NOT FOR RELEASE, PUBLICATION OR DISTRIBUTION, IN WHOLE OR IN PART, DIRECTLY OR INDIRECTLY, IN OR INTO THE UNITED STATES OR TO ANY PERSON LOCATED OR RESIDENT IN ANY OTHER JURISDICTION IN WHICH THE RELEASE, PUBLICATION OR DISTRIBUTION WOULD BE UNLAWFUL.

Stockmann plc (the “Issuer” or “Stockmann”) is soliciting consents from the holders (the “Holders”) of its outstanding EUR 85 million 7.750 per cent. capital securities (ISIN: FI4000188776) (the “Capital Securities”) to approve certain amendments (the “Request”) to the terms and conditions of the Capital Securities (the “Terms and Conditions”) (the “Consent Solicitation”). The Consent Solicitation is subject to the terms and conditions and certain restrictions set out in the consent solicitation memorandum dated 31 October 2019 (the “Consent Solicitation Memorandum”). Capitalised terms used herein shall have the meaning ascribed to them in the Consent Solicitation Memorandum.

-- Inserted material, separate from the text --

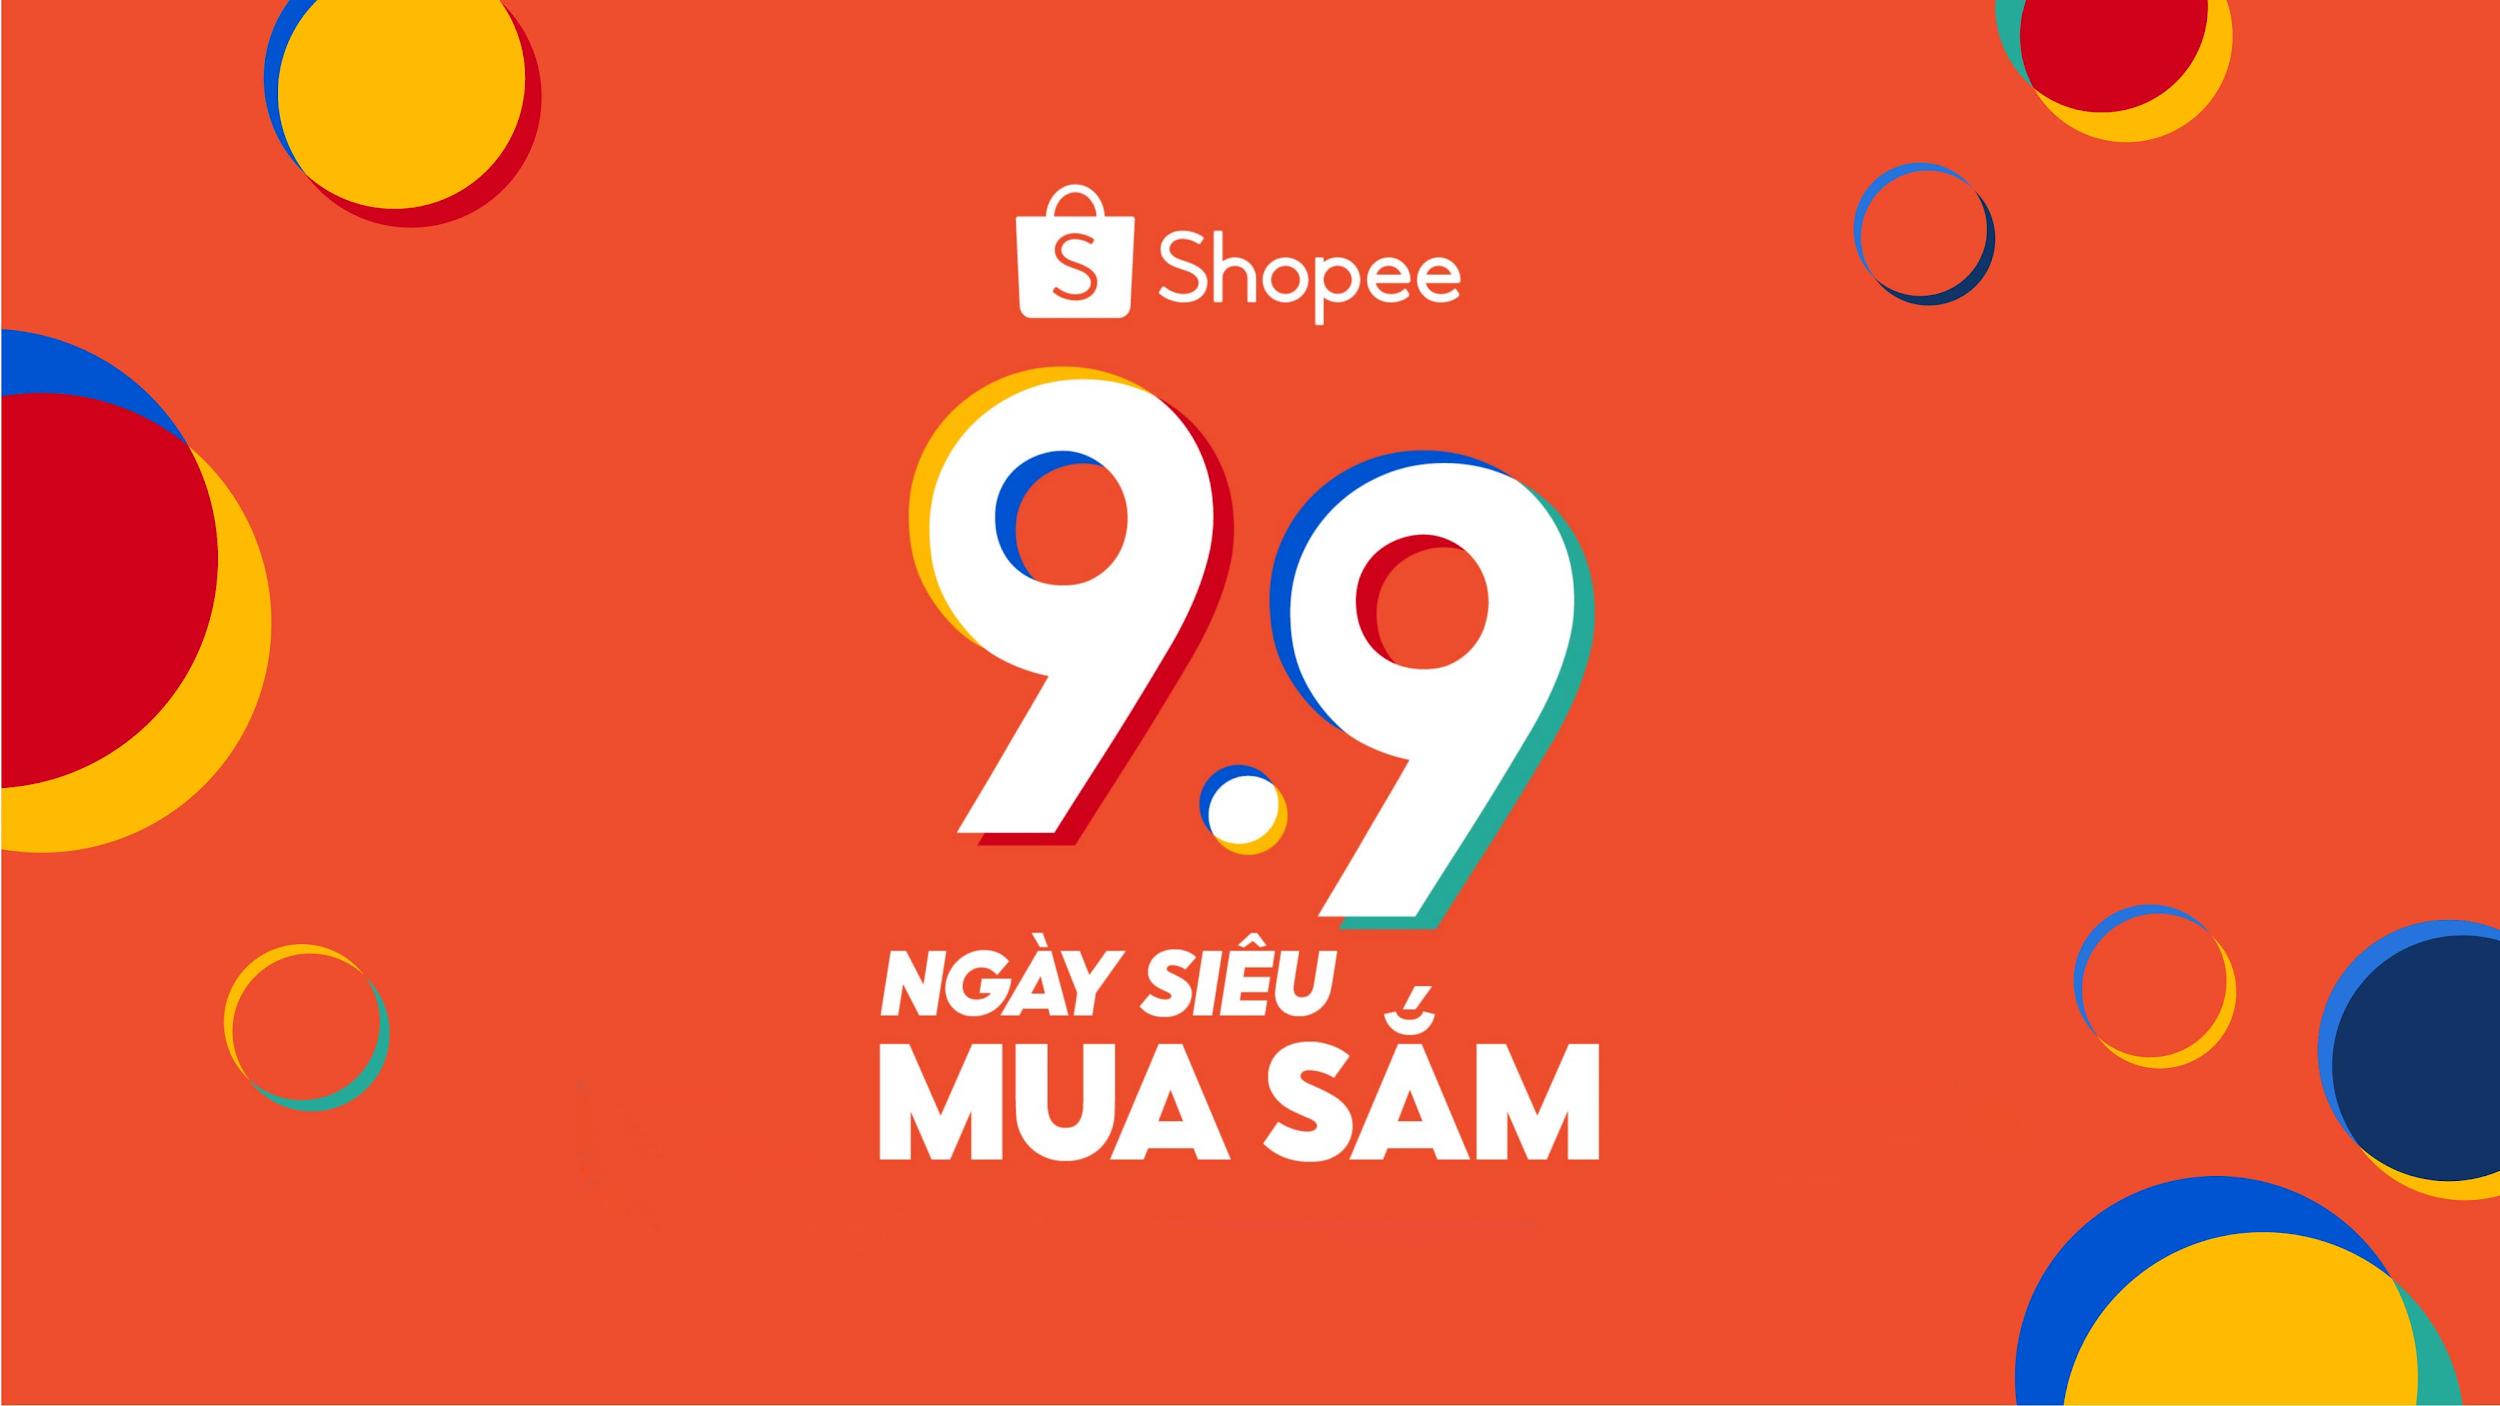 """Shopee mang đến 3 cam kết """"Siêu ưu đãi"""" trong ngày 9.9 Siêu Mua Sắm, phù hợp với tầm quan trọng ngày càng tăng của TMĐT trong giai đoạn bình thường mới"""

On 9 August 2019, Stockmann announced that it is investigating strategic alternatives for the ownership of Lindex. In order to provide sufficient time for that process to complete and to enable in connection with or following such potential completion a more comprehensive refinancing of the indebtedness of the Group if such refinancing is then desirable, Stockmann is requesting the Holders’ consent to postpone by 18 months the First Reset Date (as defined in the Terms and Conditions) as of which the interest rate applicable to the Capital Securities would otherwise be increased by approximately 5.00 per cent. and to agree to insert a new clause to give Stockmann the option to redeem the Capital Securities, at the redemption price of 101 per cent. of the principal amount, upon the occurrence of potential divestment of Lindex. Stockmann is requesting that the Holders approve the Request in the written procedure (the “Written Procedure”) in order to implement the proposed amendments to the Terms and Conditions.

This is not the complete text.